Они же прикатили коляску с моторчиком, подарок от ГУВД. Ездить было некуда, и Бармашов катался из комнаты в кухню и обратно; по пути он заворачивал в прихожую, знакомился с ней, осматривал, прощался, перебирался на кровать.
Сиделки рукоплескали ему, откровенно глумясь. Данила Платонович помалкивал таинственно и кротко. Все вошло в удобную колею: многоликая Полина Львовна колдовала над пузырьками, преступного вида молодые люди решительно снимались с дворовой скамейки.
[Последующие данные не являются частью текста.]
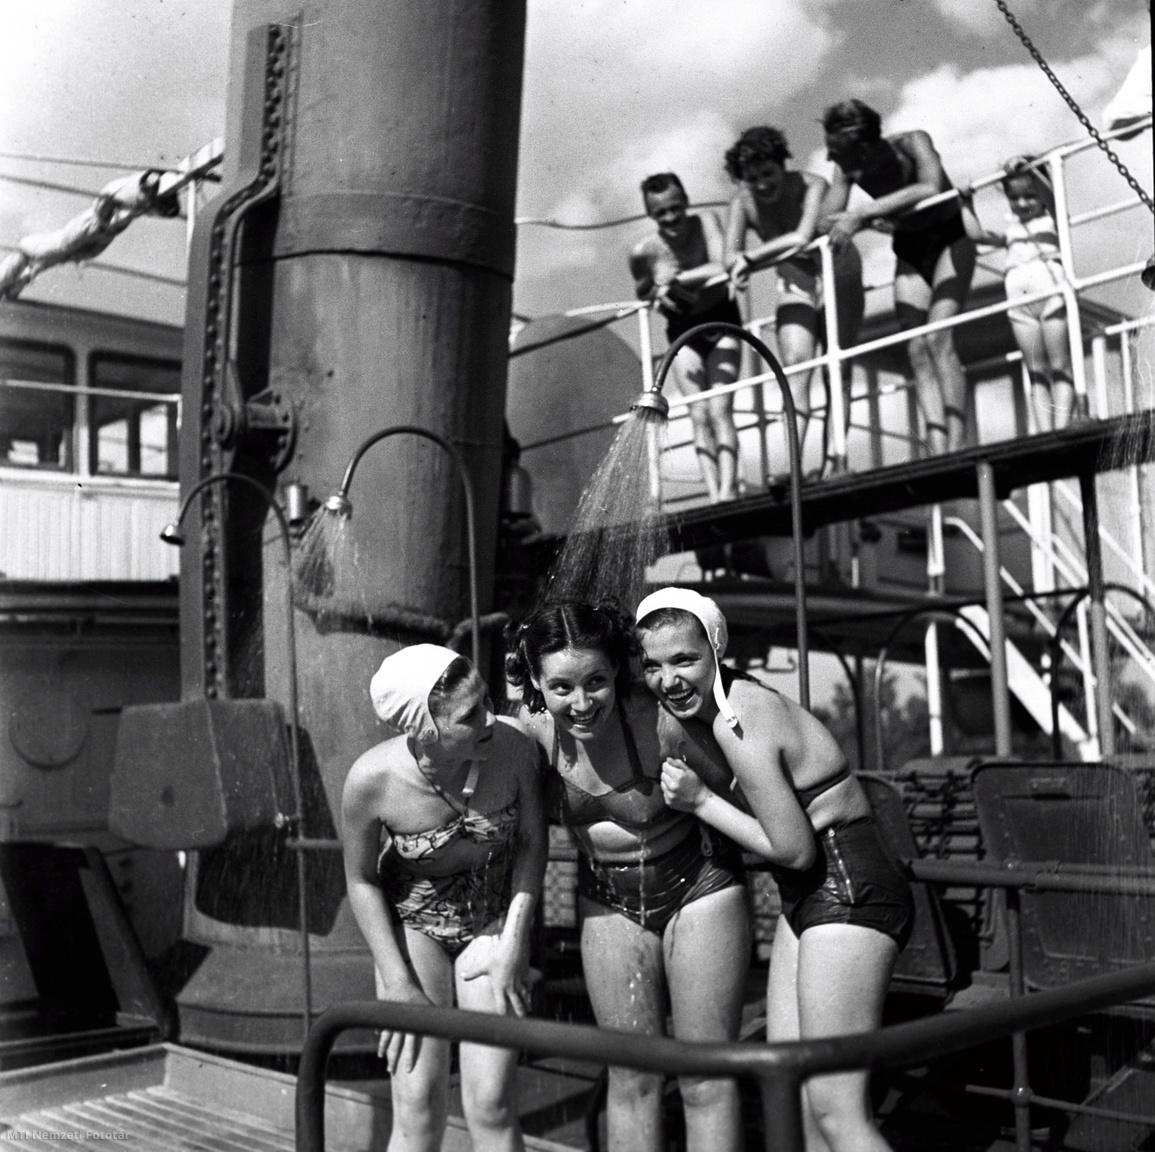 Budapest 1950. július Fiatalok a Felszabadulás gőzhajó fedélzetén, melyen üdültetési céllal strandot alakítottak ki. A felvétel készítésének pontos ideje ismeretlen.
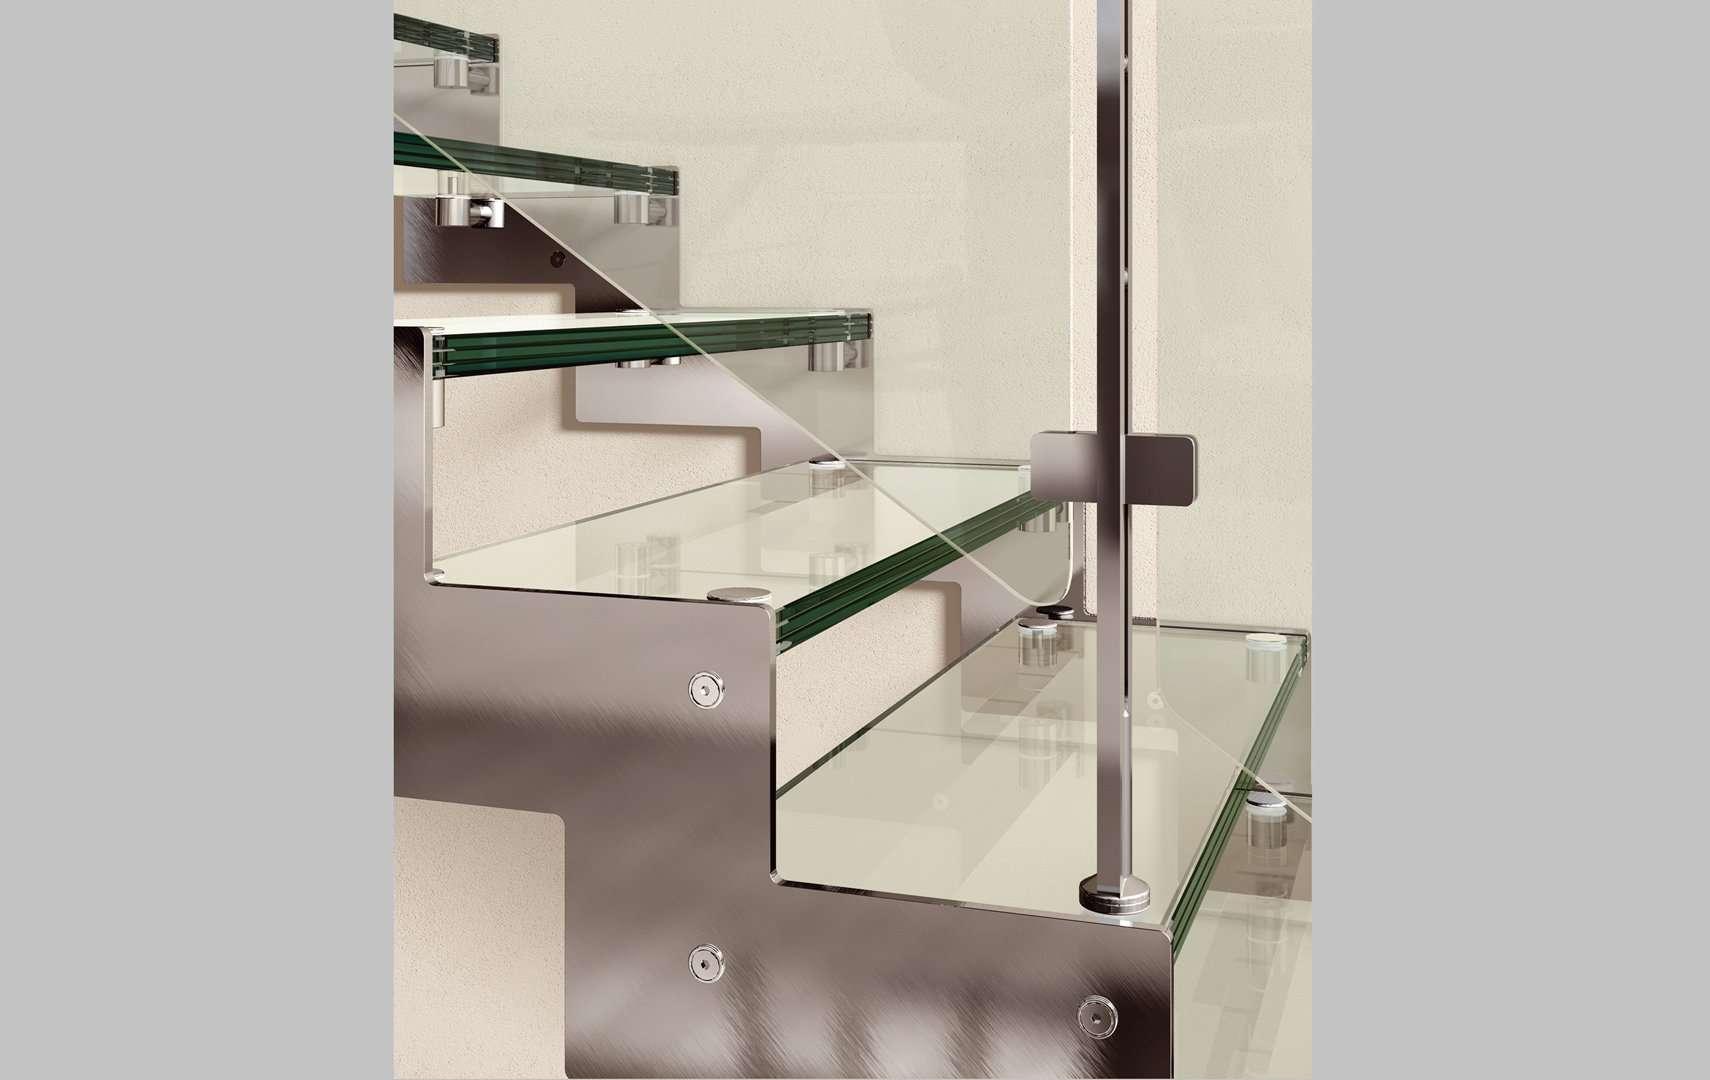 Rexal glass scale interne moderne in legno scegli i - Scale mobirolo ...

Данила Платоныч прятался за шкаф. Теперь, сидя в моторизованном кресле, он позволял себе громко хихикать, когда для преступников наступало время платить по счетам. Хихиканье вырывалось из его горла, как уханье филина. По лицу катились слезы, и оперативники думали, что он плачет. Им становилось совестно, и они, не понимая происходящего, начинали обращаться с задержанными бережно. Тогда Бармашов действительно принимался плакать от возмущения и досады, но разницы никто не видел.
Однажды Запорожников сказал:
– Послушайте, товарищ Бармашов. Я предлагаю упорядочить систему нашей коммуникации. Омоновцы врываются, калечат подозреваемых. Они ребята горячие, они солдаты, и спрашивать с них нельзя. Потом начинаются жалобы, встречные иски, освидетельствования, экспертизы. Адвокаты мешают жить и работать, прокуратура устраивает проверки. Давайте договоримся: два удара – прийти и тихо арестовать. Три удара – бежать бегом и действовать по обстановке. Четыре – примчаться и стрелять на поражение. Договорились?
– Блядь, блядь, – озабоченно забормотал Данила Платонович.
Запорожников схватывал на лету.
– Правильно, – согласился он. – Об этом я не подумал. Вы можете не успеть ударить четыре раза, если запахнет жареным. Тогда давайте наоборот. Четыре раза – задержать спокойно и вежливо, два удара – пробить с ноги, а потом застрелить.
– Ебать, – удовлетворенно кивнул Бармашов.
– Пять ударов, – подхватил майор и слабо улыбнулся: впервые за время знакомства.
…Наступил день, когда ухаживать за Данилой Платонычем явилась вещая дама Соломенида.
Запорожников предпочел ее прочим, соблазнившись баюкающим гипнотическим басом. Телефон, когда майор беседовал с дамой Соломенидой, вдруг превратился в аппарат для общего наркоза. Превозмогая себя, Запорожников приглашал посторонние образы и видел обезьянник с решеткой, ответственного дежурного по городу и настоящие сибирские пельмени. Эти картины помогли ему отчасти сохранить ясность ума, не до конца поддаться гипнозу и осознать, что клюнула настоящая акула.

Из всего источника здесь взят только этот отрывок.